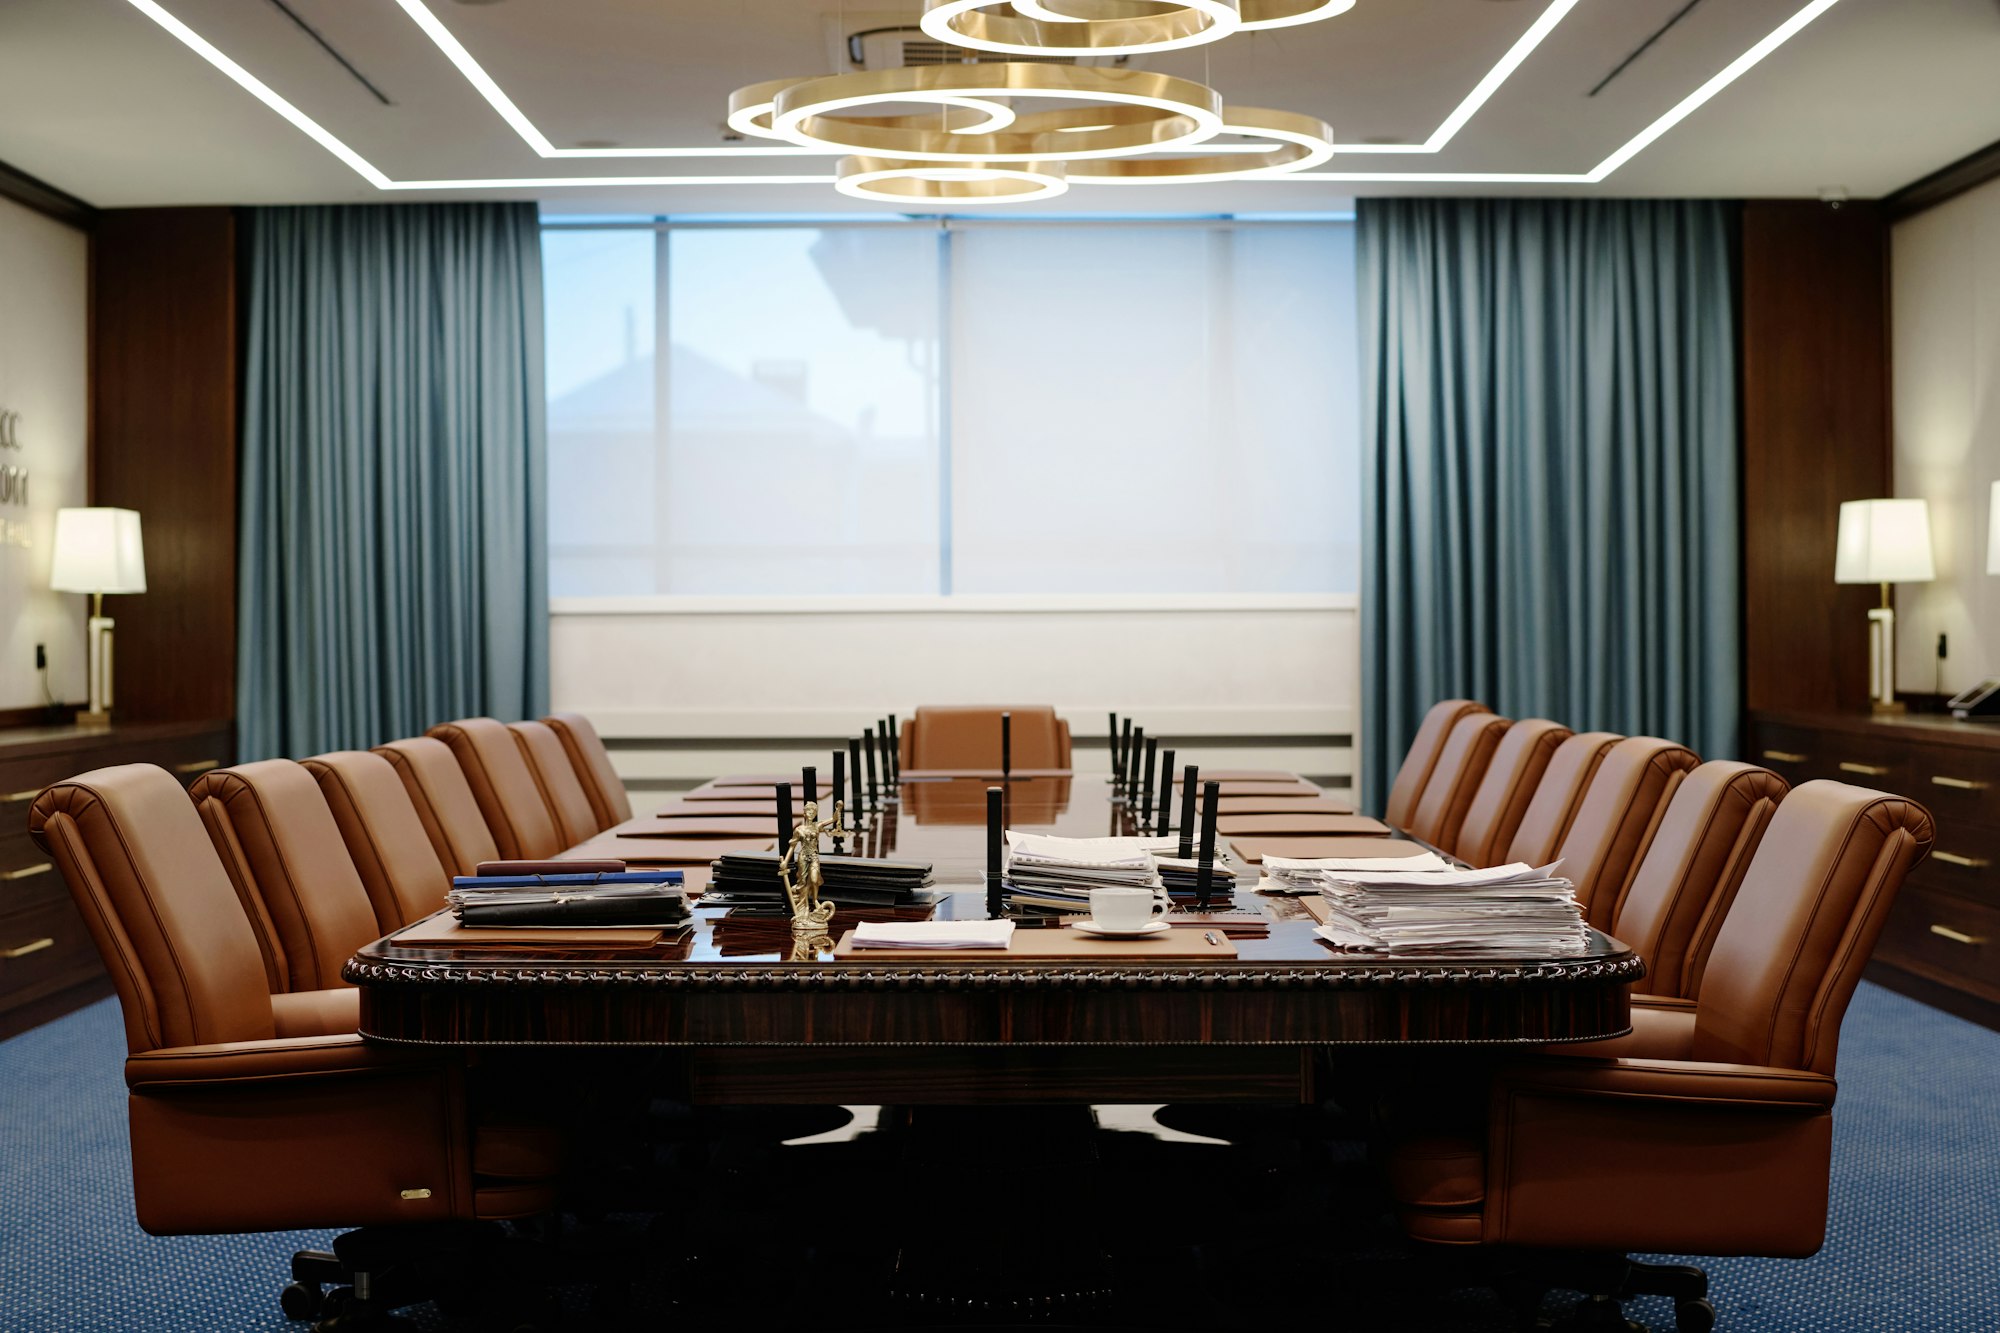 Boardroom with Exquisite Furniture Ready for Business Conference
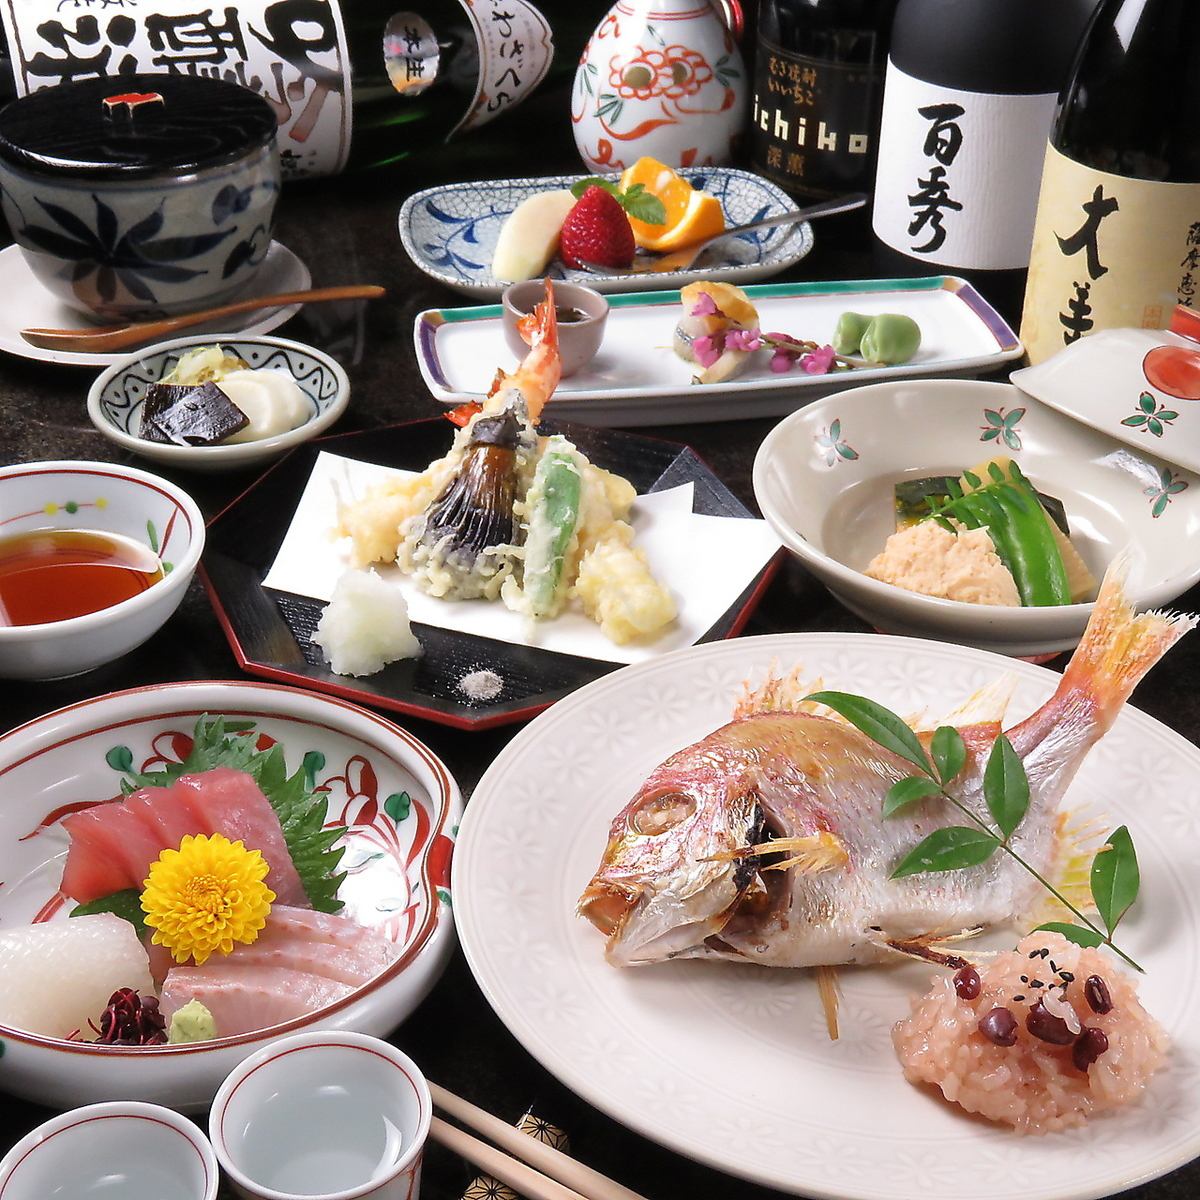 Zosui specialty store & seasonal kaiseki restaurant.Come and have a banquet / date in various completely private rooms according to the number of people!
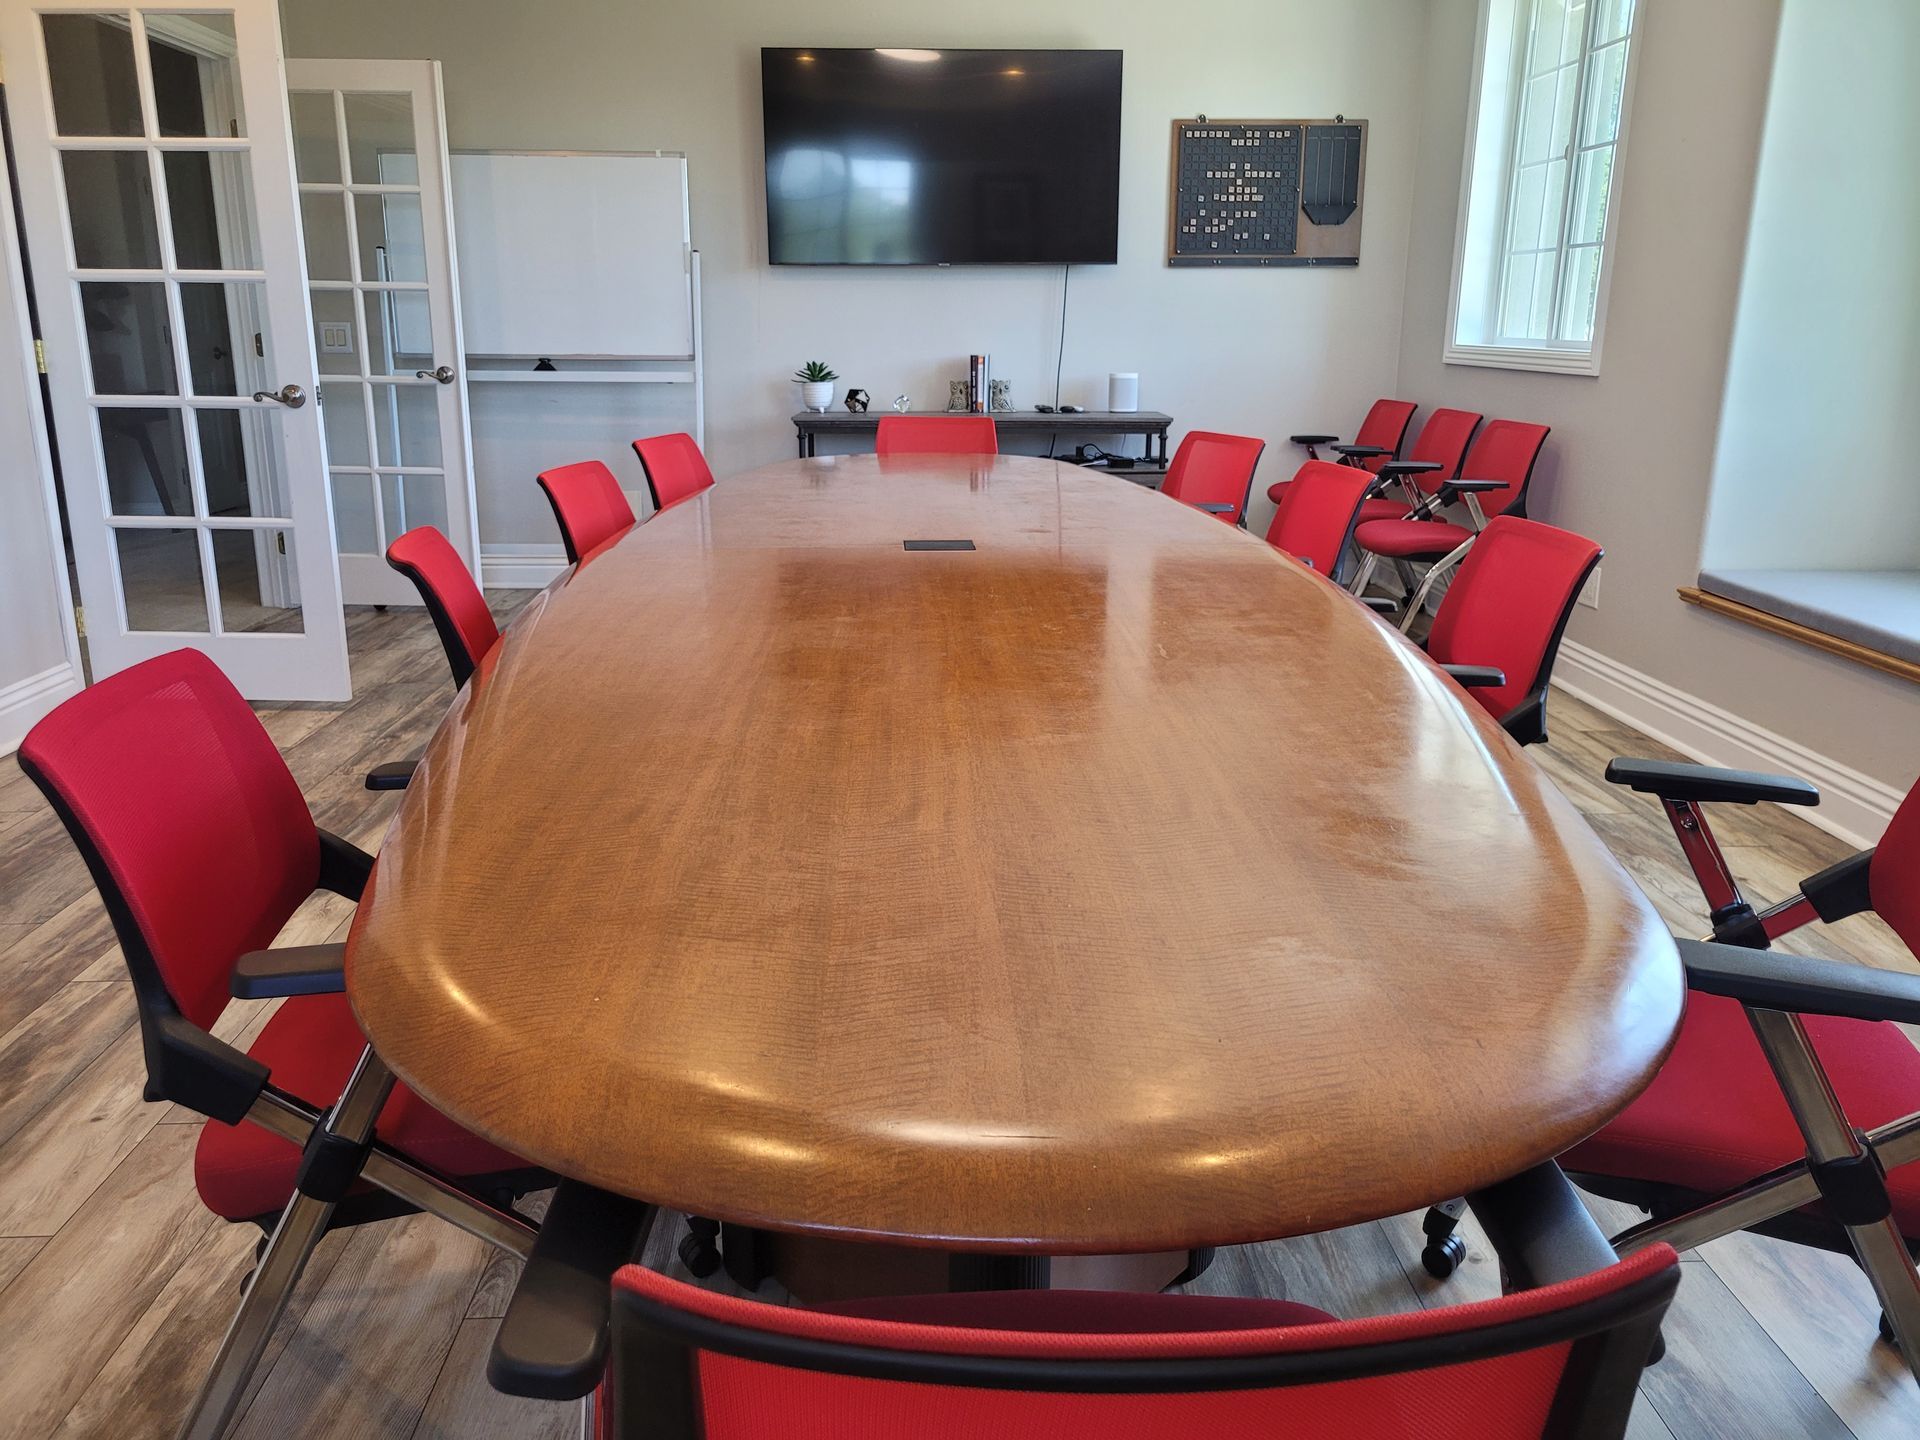 a conference room with a long wooden table and red chairs

### TASK BRIEF
Retype word for word all the material given above, and keep the pictures out.

### EXPECTED OUTPUT
 Boardroom with Exquisite Furniture Ready for Business Conference
 Zosui specialty store & seasonal kaiseki restaurant.Come and have a banquet / date in various completely private rooms according to the number of people!
 a conference room with a long wooden table and red chairs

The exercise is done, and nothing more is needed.